Art. 126 - Provocar aborto com o consentimento da gestante: Pena - reclusão, de um a quatro anos.

Parágrafo único. Aplica-se a pena do artigo anterior, se a gestante não é maior de quatorze anos, ou é alienada ou debil mental, ou se o consentimento é obtido mediante fraude, grave ameaça ou violência

Forma qualificada

Art. 127 - As penas cominadas nos dois artigos anteriores são aumentadas de um terço, se, em conseqüência do aborto ou dos meios empregados para provocá-lo, a gestante sofre lesão corporal de natureza grave; e são duplicadas, se, por qualquer dessas causas, lhe sobrevém a morte.”

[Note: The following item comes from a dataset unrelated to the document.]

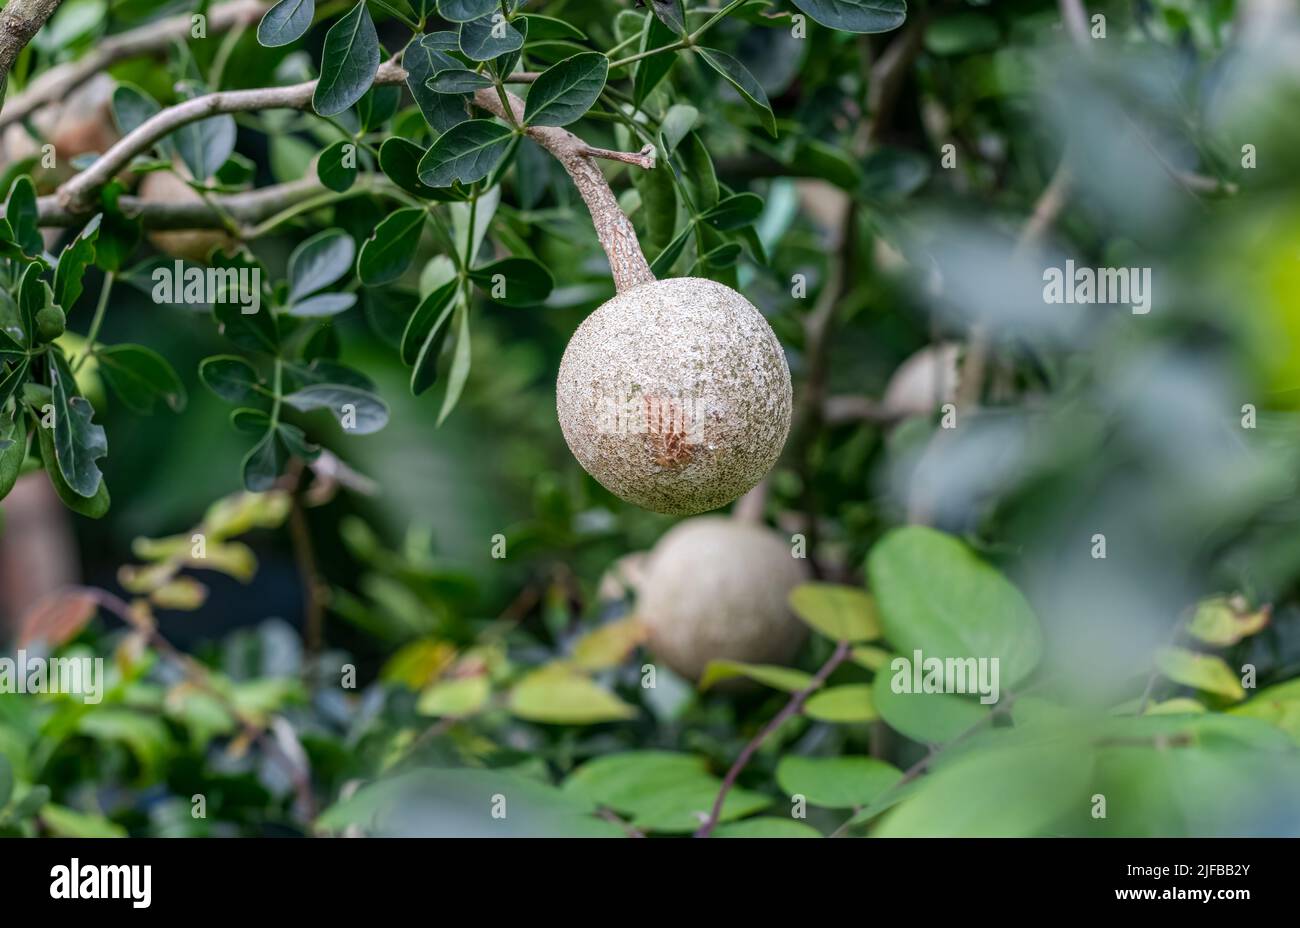 Wood apple or limonia acidissima fruit growing on the tree with copy space Stock Photo

O próprio Código Penal excepciona duas situações, litteris:

“Art. 128 - Não se pune o aborto praticado por médico:

Aborto necessário

I - se não há outro meio de salvar a vida da gestante;

Aborto no caso de gravidez resultante de estupro

II - se a gravidez resulta de estupro e o aborto é precedido de consentimento da gestante ou, quando incapaz, de seu representante legal.”

Logo, a lei penal, em regra, tipifica a interrupção voluntária da gravidez e somente a admite se a gestação resultar de estupro, ou não houver outro meio de salvar a vida da gestante (art. 128, do Código Penal).

Saliente-se que o Supremo Tribunal Federal, ao julgar a Ação de Descumprimento de Preceito Fundamental (ADPF) n° 54, entendeu que a interrupção da gravidez de feto anencéfalo não configura o delito de aborto. Eis a ementa do acórdão[2]:

“ESTADO – LAICIDADE. O Brasil é uma república laica, surgindo absolutamente neutro quanto às religiões. Considerações. FETO ANENCÉFALO – INTERRUPÇÃO DA GRAVIDEZ – MULHER – LIBERDADE SEXUAL E REPRODUTIVA – SAÚDE – DIGNIDADE – AUTODETERMINAÇÃO – DIREITOS FUNDAMENTAIS – CRIME – INEXISTÊNCIA. Mostra-se inconstitucional interpretação de a interrupção da gravidez de feto anencéfalo ser conduta tipificada nos artigos 124, 126 e 128, incisos I e II, do Código Penal”. (ADPF 54, Relator(a): Min. MARCO AURÉLIO, Tribunal Pleno, julgado em 12/04/2012, ACÓRDÃO ELETRÔNICO DJe-080 DIVULG 29-04-2013 PUBLIC 30-04-2013).

Cabe transcrever, a propósito, trechos do informativo do citado julgamento publicado no site da Suprema Corte:

“(...) Nestes termos, aludiu que o anencéfalo, assim como o morto cerebral, não deteria atividade cortical, de modo que se mostraria deficiente de forma grave no plano neurológico, dado que lhe faltariam não somente os fenômenos da vida psíquica, mas também a sensibilidade, a mobilidade, a integração de quase todas as funções corpóreas. Portanto, o feto anencefálico não desfrutaria de nenhuma função superior do sistema nervoso central 'responsável pela consciência, cognição, vida relacional, comunicação, afetividade e emotividade' Ressaiu, pois, que essa má-formação seria doença congênita letal, pois não haveria possibilidade de desenvolvimento de massa encefálica em momento posterior, pelo que inexistiria, diante desse diagnóstico, presunção de vida extrauterina, até porque seria consenso na medicina que o falecimento diagnosticar-se-ia pela morte cerebral. Anotou que, em termos médicos, haveria dois processos que evidenciariam o momento morte: o cerebral e o clínico.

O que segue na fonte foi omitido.